Optional meteorology variables

params

Instantiated model parameters, in dictionary form

processed_met_variables

Set of required parameters if processing already complete on met input.

require_met()

Ensure that met is a MetDataset.

Returns:

MetDataset – Returns reference to met. This is helpful for type narrowing met when meteorology is required.

Raises:

ValueError – Raises when met is None.

require_source_type(type_)

Ensure that source is type_.

Returns:

_Source – Returns reference to source. This is helpful for type narrowing source to specific type(s).

Raises:

ValueError – Raises when source is not _type_.

set_source(source=None)

Attach original or copy of input source to source.

Parameters:

source (MetDataset | GeoVectorDataset | Flight | Iterable[Flight] | None) – Parameter source passed in eval(). If None, an empty MetDataset with coordinates like met is set to source.

See also

-

meth:eval

set_source_met(optional=False, variable=None)

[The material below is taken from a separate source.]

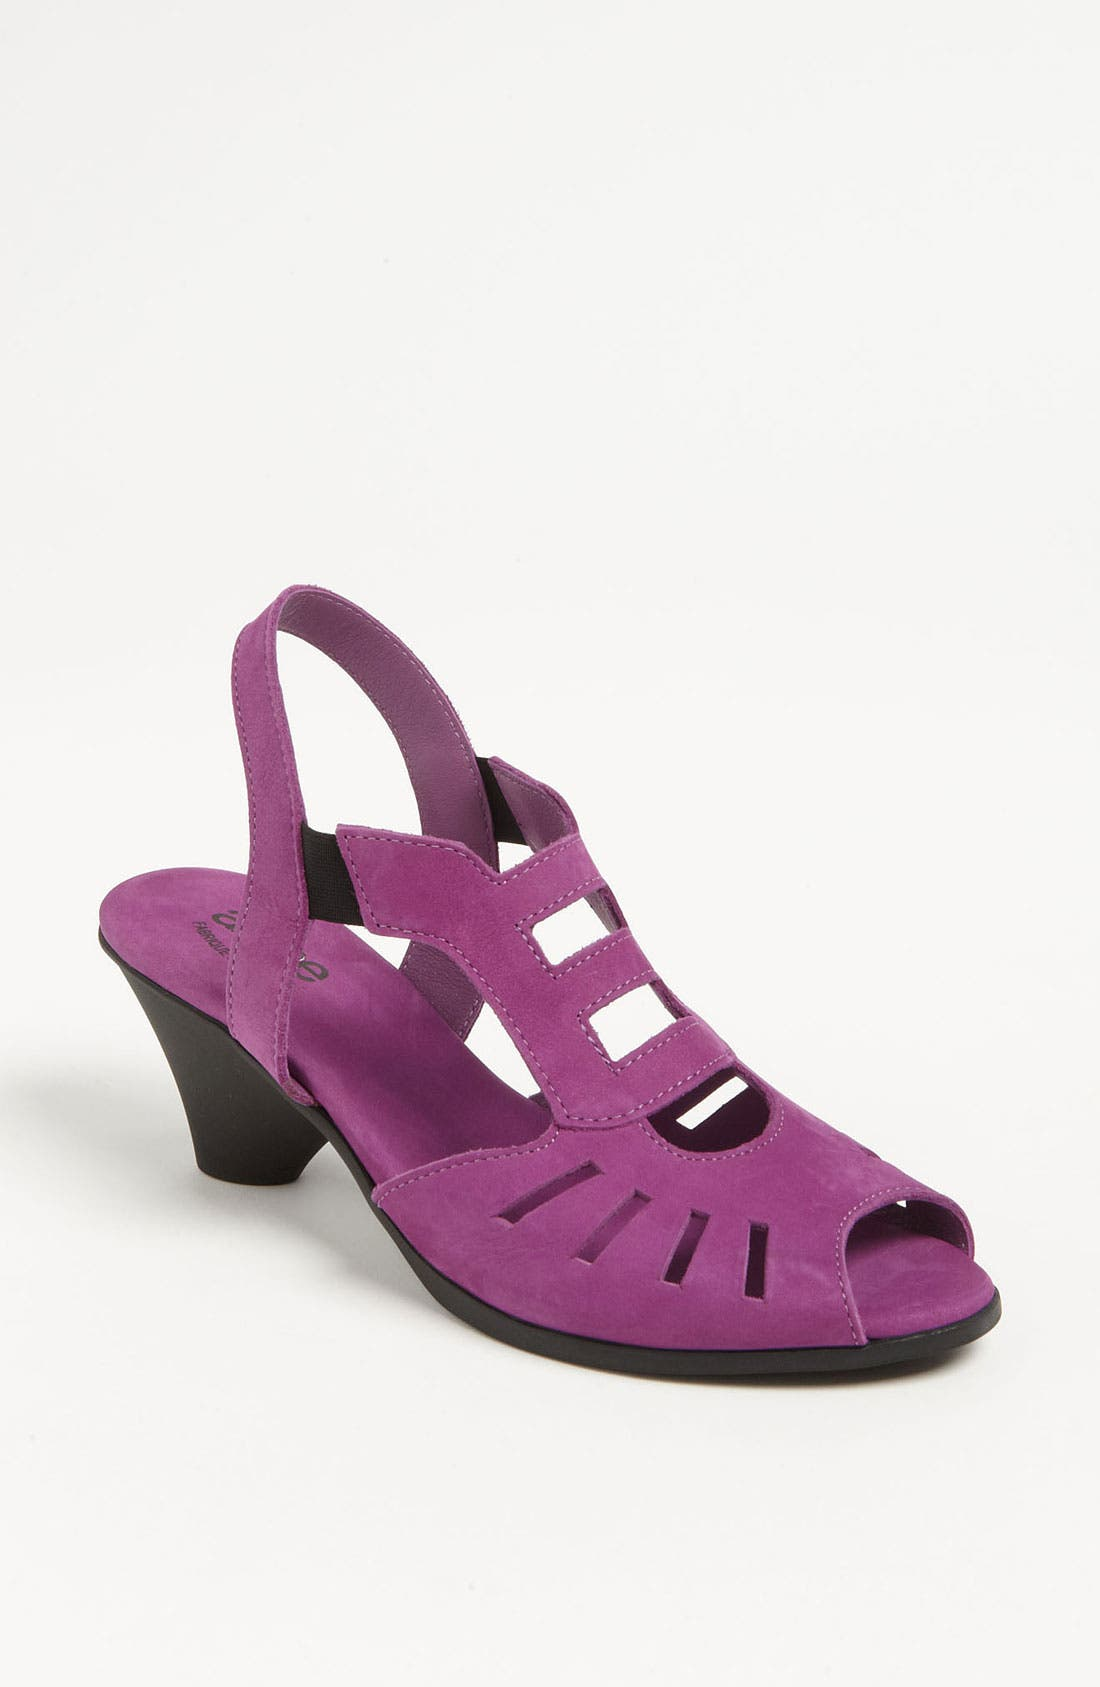 Main Image - Arche 'Exoko' Sandal

Ensure or interpolate each required met_variables on source .

For each variable in met_variables, check source for data variable with the same name.

For GeoVectorDataset sources, try to interpolate met if variable does not exist.

For MetDataset sources, try to get data from met if variable does not exist.

Parameters:
Raises:
source

Evaluated data source

transfer_met_source_attrs(source=None)

Transfer met source metadata from met to source.

update_params(params=None, **params_kwargs)

Update model parameters on params.

Parameters:
  • params (dict[str, Any], optional) – Model parameters to update, as dictionary. Defaults to {}

  • **params_kwargs (Any) – Override keys in params with keyword arguments.